Con l'invasione dell'Ucraina, l'esercito russo non sta solamente affamando gli abitanti delle città sotto assedio. L'occupazione del Paese, che insieme alla Russia è tra i cinque principali produttori mondiali di grano, è destinata ad aggravare la malnutrizione in altre regioni del mondo, anche molto distanti, in un effetto domino di proporzioni globali. Tutto questo avviene in un sistema alimentare fortemente interconnesso, dipendente da poche risorse a rischio estinzione, ancora non riemerso dalla pandemia e già sofferente per le conseguenze dei cambiamenti climatici causati dall'uomo.
Triste precedente. Ucraina e Russia sono responsabili del 12% delle calorie globali scambiate con il commercio alimentare. La maggior parte di esse proviene dal grano: i due Paesi ne coltivano ed esportano il 30% di tutto quello consumato al mondo. L'attacco all'Ucraina e le successive sanzioni alla Russia hanno fatto schizzare i prezzi del grano ai livelli più alti da 2010: è una pessima notizia che avrà conseguenze non solo nell'immediato.
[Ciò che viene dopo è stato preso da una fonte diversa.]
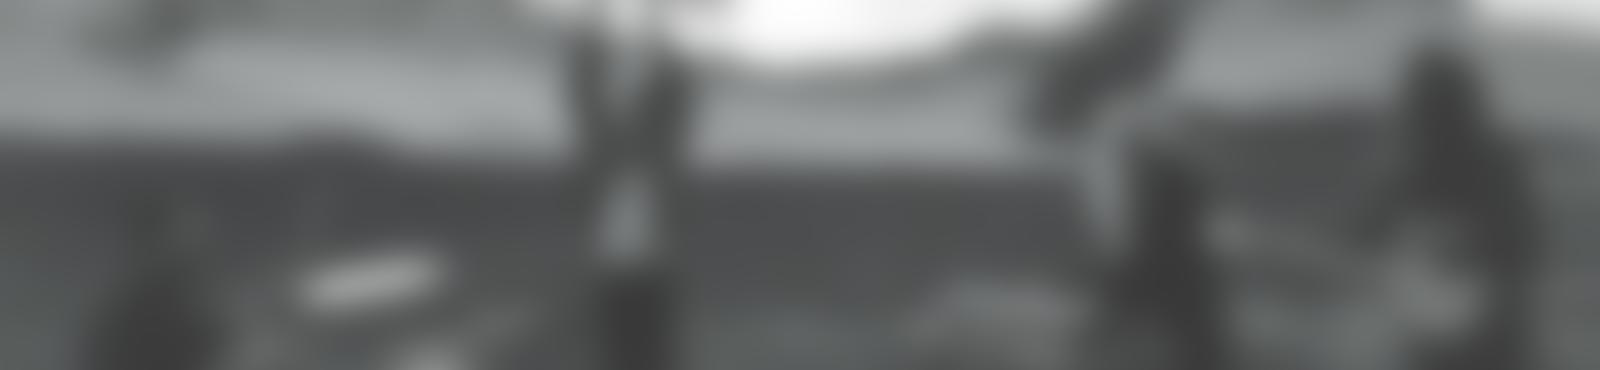 Blurred ceb77db2 3ee1 4dad b068 2450bea7a203

Dodici anni fa gli effetti dei cambiamenti climatici avevano colpito duramente alcuni grandi produttori di grano, come l'Australia, l'Ucraina e gli USA, e questo, insieme ad altri fattori, aveva provocato il forte aumento dei prezzi che fu poi l'origine delle tensioni sociali sfociate nei moti per il pane in Medio Oriente, nelle proteste della Primavera Araba e, alla lunga, nella guerra in Siria.
Paesi come il Camerun, la Repubblica Democratica del Congo, la Libia, la Nigeria, il Sudan e lo Yemen sono fortemente dipendenti dai cereali acquistati da Ucraina e Russia; l'Egitto deriva oltre la metà delle calorie nazionali importate da questi due Paesi. Ma i contraccolpi economici di questa crisi si faranno sentire - attraverso i rincari - anche sulle economie più solide, che proveranno, all'inizio, a diversificare il mercato e acquistare altrove: da Russia e Ucraina provengono anche il 30% dell'orzo mondiale, spesso usato per i mangimi animali; e la Russia produce da sola il 15% dei fertilizzanti usati in agricoltura.
Questo shock piomba su un sistema alimentare globale che, stando all'ultima fotografia del Sesto rapporto di valutazione dell'Intergovernmental Panel on Climate Change, sente già gli scossoni della crisi climatica.
Meno cibo, già ora. Le alte temperature stanno già peggiorando la qualità e la resa degli ecosistemi che ci sfamano, cioè le terre coltivate e i mari (qui il capitolo dedicato alla sicurezza alimentare). L'effetto è particolarmente visibile nelle regioni del sud del mondo e in quelle equatoriali, minimamente responsabili delle emissioni dannose eppure gravemente colpite dalle conseguenze dell'aumento di gas serra.
Non dobbiamo pensare soltanto a eventi climatici estremi (come siccità o gelate fuori stagione) che distruggono i raccolti. Siamo anche di fronte a danni più silenziosi, costanti e definitivi: lo stesso eccesso di CO2 fa crescere più rapidamente i raccolti li priva di vitamine e minerali essenziali. Intanto, lo stress termico ha già ridotto del 5,3% le rese dei raccolti globali di mais, grano e riso, dal 1961 ad oggi, e per ogni grado aggiuntivo di riscaldamento globale rispetto agli 1,1 °C attuali si attende un'ulteriore riduzione del 10-25%. In Africa occidentale è accaduto lo stesso con le coltivazioni di miglio e sorgo (meno 10% e meno 5%, rispettivamente), alla base dell'alimentazione locale.
Secondo il rapporto inoltre, il 30% delle terre coltivate o adibite a pascolo nel mondo potrebbe diventare improduttivo entro fine secolo, perché troppo arido e asciutto e ormai privato dello strato più esterno di suolo, quello a più alta concentrazione di materiale organico, dove avviene la maggior parte delle attività biologiche.
Oceani meno produttivi. Non va meglio nei mari: il riscaldamento degli oceani è responsabile del collasso delle popolazioni di pesci e degli ecosistemi acquatici più ricchi di biodiversità, come le barriere coralline. Dal 1930 al 2010 la quantità di pescato estraibile dai mari in modo sostenibile si è ridotta del 4,1% (nel frattempo, il numero di bocche terrestri da sfamare è triplicato). Le morie di animali acquatici sono probabilmente raddoppiate negli ultimi 30 anni e potrebbero aumentare di quattro volte la frequenza in futuro, anche se ridurremo le emissioni dannose - dato che l'anidride carbonica rimane in atmosfera per centinaia di anni.